Going back to our example, we can make sense of this in a way that for each feature / dimension, we are trying to find out how much of a person’s height and weight is part of the other person’s. Then we sum them up.
An even furhter tangent is how this is also actually covariance and correlation. Here’s a great definition by Oliver Knill (2011),
"If X, Y are two random variables of zero mean, then the covariance Cov[XY ] = E[ X · Y ] is the dot product of X and Y . The standard deviation of X is the length of X. The correlation is the cosine of the angle between the two vectors. Positive correlation means an acute angle, negative correlation means an obtuse angle. Uncorrelated means orthogonal."
Let’s tackle more about correlation in another post.
Use it Everywhere
Now that we know more about similarity measures, we can extend our understanding and how they’re being used for different applications:
- Clustering: Similarity measures are fundamental in clustering algorithms, such as k-means and hierarchical clustering. They help group similar data points together.
- Anomaly Detection: In anomaly detection, similarity measures can identify data points that deviate significantly from a group(s). Unusual patterns or outliers are often detected by measuring their dissimilarity from the rest of the data.
- Collaborative Filtering: In recommendation systems, collaborative filtering relies on measuring the similarity between users or items based on their preferences. This helps suggest items or content to users based on what similar users have liked.
- Machine Translation: Similarity measures are employed in machine translation to align and compare sentences or phrases in different languages to improve translation quality.

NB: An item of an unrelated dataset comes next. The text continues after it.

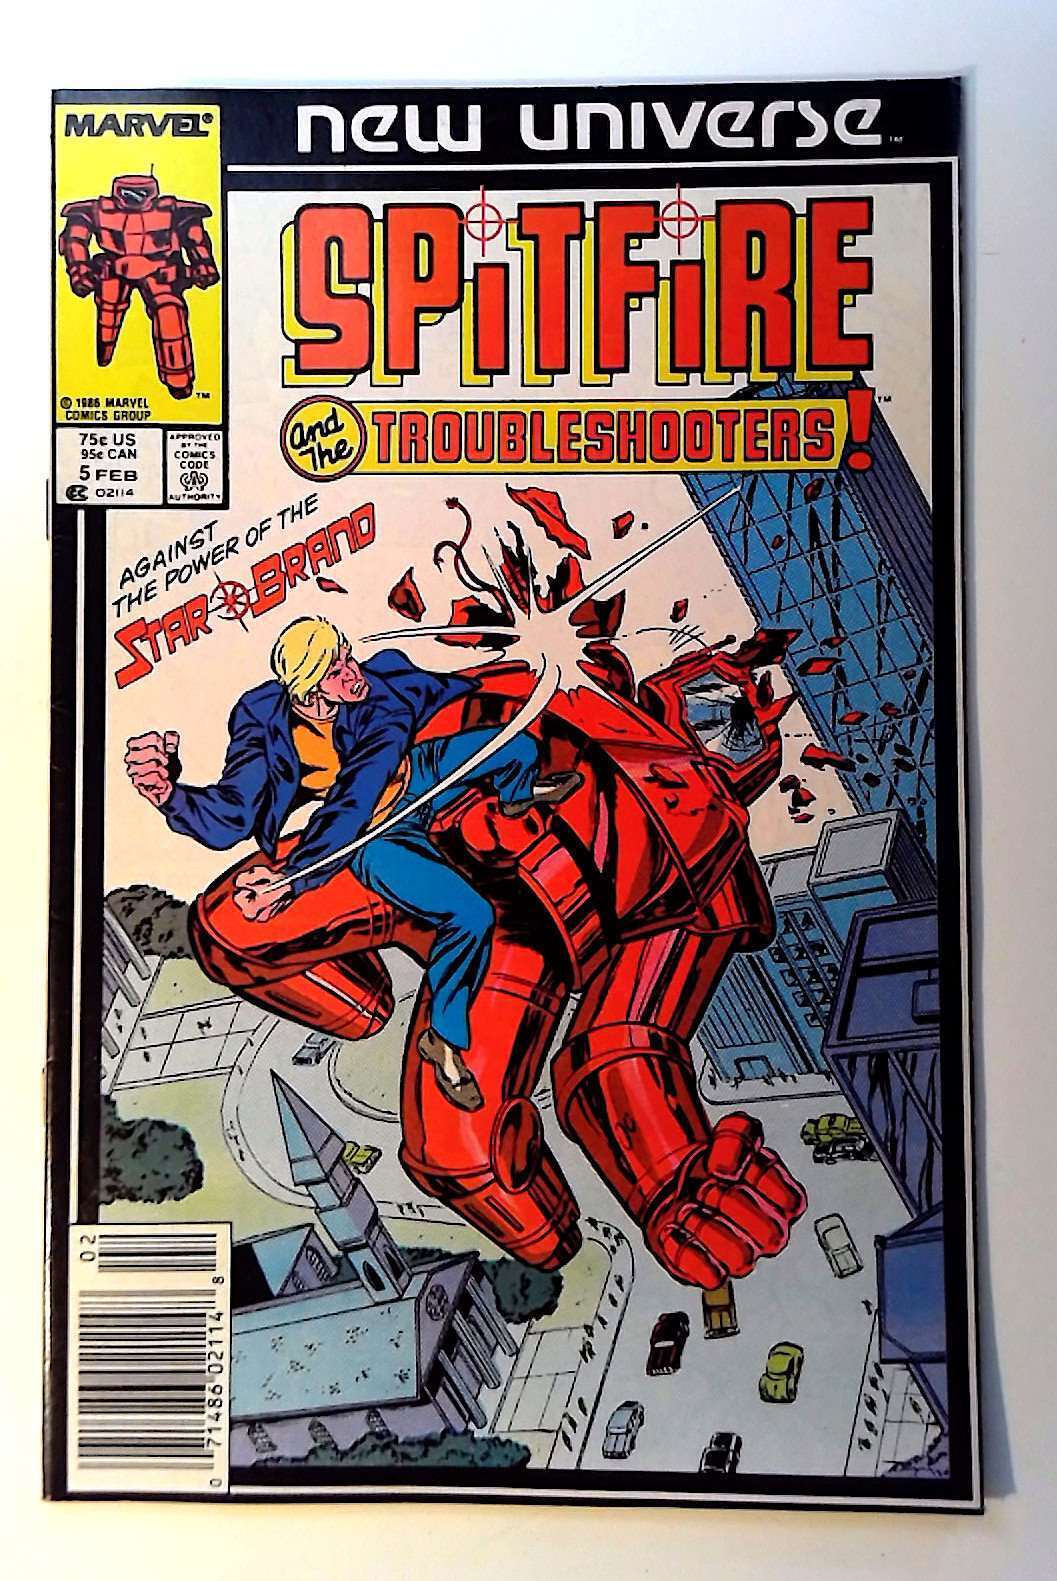 Spitfire and the Troubleshooters #5 Marvel (1987) New Universe Comic Book

- Dimensionality Reduction: Similarity measures are often used as a foundation for dimensionality reduction techniques like the PCA (Principal Component Analysis).
These examples highlight the broad range of applications where similarity measures find utility across diverse domains. Similarity measures assist in understanding complex relationships and play a significant role in decision-making and analysing diverse subjects. But sometimes, it is easier to compare objects qualitatively. Maybe we can build a fine-tuned large language model that focuses on qualitative comparison.
Hope this can be interesting to some. Do let me know if I can further improve this.